§ Task input:

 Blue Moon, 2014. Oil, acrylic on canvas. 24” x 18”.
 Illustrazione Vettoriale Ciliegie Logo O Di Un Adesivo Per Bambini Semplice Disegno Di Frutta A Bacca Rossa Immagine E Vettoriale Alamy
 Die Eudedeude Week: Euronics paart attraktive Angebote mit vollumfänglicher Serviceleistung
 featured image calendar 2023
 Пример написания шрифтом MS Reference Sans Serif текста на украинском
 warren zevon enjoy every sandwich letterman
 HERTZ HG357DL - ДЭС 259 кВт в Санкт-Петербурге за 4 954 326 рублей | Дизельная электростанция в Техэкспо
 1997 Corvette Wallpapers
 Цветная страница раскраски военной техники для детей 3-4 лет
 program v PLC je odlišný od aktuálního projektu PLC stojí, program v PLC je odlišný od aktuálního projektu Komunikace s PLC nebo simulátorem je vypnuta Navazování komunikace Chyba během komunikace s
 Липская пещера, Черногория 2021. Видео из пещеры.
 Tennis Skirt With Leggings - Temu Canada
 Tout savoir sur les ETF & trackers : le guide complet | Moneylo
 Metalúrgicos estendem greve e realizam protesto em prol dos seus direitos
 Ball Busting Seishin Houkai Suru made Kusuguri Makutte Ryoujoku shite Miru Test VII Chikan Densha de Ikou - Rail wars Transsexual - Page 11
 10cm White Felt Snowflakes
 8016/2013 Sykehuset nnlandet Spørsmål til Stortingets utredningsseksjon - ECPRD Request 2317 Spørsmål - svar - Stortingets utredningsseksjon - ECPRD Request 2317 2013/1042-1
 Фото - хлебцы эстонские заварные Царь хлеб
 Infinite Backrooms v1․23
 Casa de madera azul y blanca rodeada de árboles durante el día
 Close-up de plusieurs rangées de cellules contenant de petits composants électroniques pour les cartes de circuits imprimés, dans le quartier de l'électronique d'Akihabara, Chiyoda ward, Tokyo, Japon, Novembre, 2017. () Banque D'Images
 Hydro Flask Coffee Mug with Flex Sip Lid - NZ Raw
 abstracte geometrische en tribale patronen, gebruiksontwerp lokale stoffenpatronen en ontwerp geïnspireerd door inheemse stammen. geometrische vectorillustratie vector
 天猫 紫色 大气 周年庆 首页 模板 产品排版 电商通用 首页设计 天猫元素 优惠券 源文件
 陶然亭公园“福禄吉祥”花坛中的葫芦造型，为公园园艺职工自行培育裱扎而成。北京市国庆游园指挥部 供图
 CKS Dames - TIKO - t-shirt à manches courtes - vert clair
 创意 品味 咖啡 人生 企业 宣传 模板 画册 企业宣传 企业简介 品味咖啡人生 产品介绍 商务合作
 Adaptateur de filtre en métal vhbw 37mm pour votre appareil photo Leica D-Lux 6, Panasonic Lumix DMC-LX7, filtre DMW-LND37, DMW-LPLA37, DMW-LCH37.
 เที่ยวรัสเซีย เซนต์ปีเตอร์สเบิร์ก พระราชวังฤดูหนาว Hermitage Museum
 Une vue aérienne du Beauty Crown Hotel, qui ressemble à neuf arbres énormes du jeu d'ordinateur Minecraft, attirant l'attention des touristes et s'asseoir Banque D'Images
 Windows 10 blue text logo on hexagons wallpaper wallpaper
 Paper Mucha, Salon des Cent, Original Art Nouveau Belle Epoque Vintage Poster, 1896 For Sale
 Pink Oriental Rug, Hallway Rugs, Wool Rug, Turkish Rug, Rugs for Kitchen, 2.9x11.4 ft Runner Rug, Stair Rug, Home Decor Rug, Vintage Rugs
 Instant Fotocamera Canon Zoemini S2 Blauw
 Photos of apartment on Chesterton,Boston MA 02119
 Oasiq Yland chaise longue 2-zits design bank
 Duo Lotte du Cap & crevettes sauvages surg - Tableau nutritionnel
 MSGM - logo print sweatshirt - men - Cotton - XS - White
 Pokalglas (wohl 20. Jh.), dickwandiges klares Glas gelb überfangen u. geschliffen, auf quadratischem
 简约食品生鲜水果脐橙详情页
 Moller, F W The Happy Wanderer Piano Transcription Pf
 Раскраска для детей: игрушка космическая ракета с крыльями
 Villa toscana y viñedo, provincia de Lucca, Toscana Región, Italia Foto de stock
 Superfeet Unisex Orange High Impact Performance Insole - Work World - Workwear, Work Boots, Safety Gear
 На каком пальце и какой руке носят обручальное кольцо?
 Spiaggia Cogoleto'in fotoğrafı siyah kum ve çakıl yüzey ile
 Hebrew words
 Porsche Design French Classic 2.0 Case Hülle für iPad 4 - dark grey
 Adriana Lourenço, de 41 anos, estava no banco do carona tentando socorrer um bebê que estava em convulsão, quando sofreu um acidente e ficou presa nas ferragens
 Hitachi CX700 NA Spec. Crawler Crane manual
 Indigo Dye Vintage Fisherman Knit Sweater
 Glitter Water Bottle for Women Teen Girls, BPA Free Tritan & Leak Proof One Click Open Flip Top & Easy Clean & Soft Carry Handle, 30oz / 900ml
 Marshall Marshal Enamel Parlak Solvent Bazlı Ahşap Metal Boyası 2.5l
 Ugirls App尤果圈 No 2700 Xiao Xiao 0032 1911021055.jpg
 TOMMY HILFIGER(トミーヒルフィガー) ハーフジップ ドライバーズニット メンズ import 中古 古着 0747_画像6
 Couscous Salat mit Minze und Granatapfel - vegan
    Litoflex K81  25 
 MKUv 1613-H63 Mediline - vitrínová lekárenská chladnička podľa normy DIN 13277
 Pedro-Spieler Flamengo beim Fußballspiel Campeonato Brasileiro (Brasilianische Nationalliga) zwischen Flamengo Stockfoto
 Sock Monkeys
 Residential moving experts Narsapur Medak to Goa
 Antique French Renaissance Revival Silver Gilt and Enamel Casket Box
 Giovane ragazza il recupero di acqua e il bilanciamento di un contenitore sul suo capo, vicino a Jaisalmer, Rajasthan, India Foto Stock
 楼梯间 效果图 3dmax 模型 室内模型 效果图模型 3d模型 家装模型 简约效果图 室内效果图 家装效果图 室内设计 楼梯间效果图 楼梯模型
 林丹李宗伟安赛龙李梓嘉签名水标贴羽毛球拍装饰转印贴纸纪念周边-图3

§ About this task:
Your task is to set down again, exactly, every line from the beginning of the listing through the line with "HERTZ HG357DL - ДЭС".

§ Worked solution:
 Blue Moon, 2014. Oil, acrylic on canvas. 24” x 18”.
 Illustrazione Vettoriale Ciliegie Logo O Di Un Adesivo Per Bambini Semplice Disegno Di Frutta A Bacca Rossa Immagine E Vettoriale Alamy
 Die Eudedeude Week: Euronics paart attraktive Angebote mit vollumfänglicher Serviceleistung
 featured image calendar 2023
 Пример написания шрифтом MS Reference Sans Serif текста на украинском
 warren zevon enjoy every sandwich letterman
 HERTZ HG357DL - ДЭС 259 кВт в Санкт-Петербурге за 4 954 326 рублей | Дизельная электростанция в Техэкспо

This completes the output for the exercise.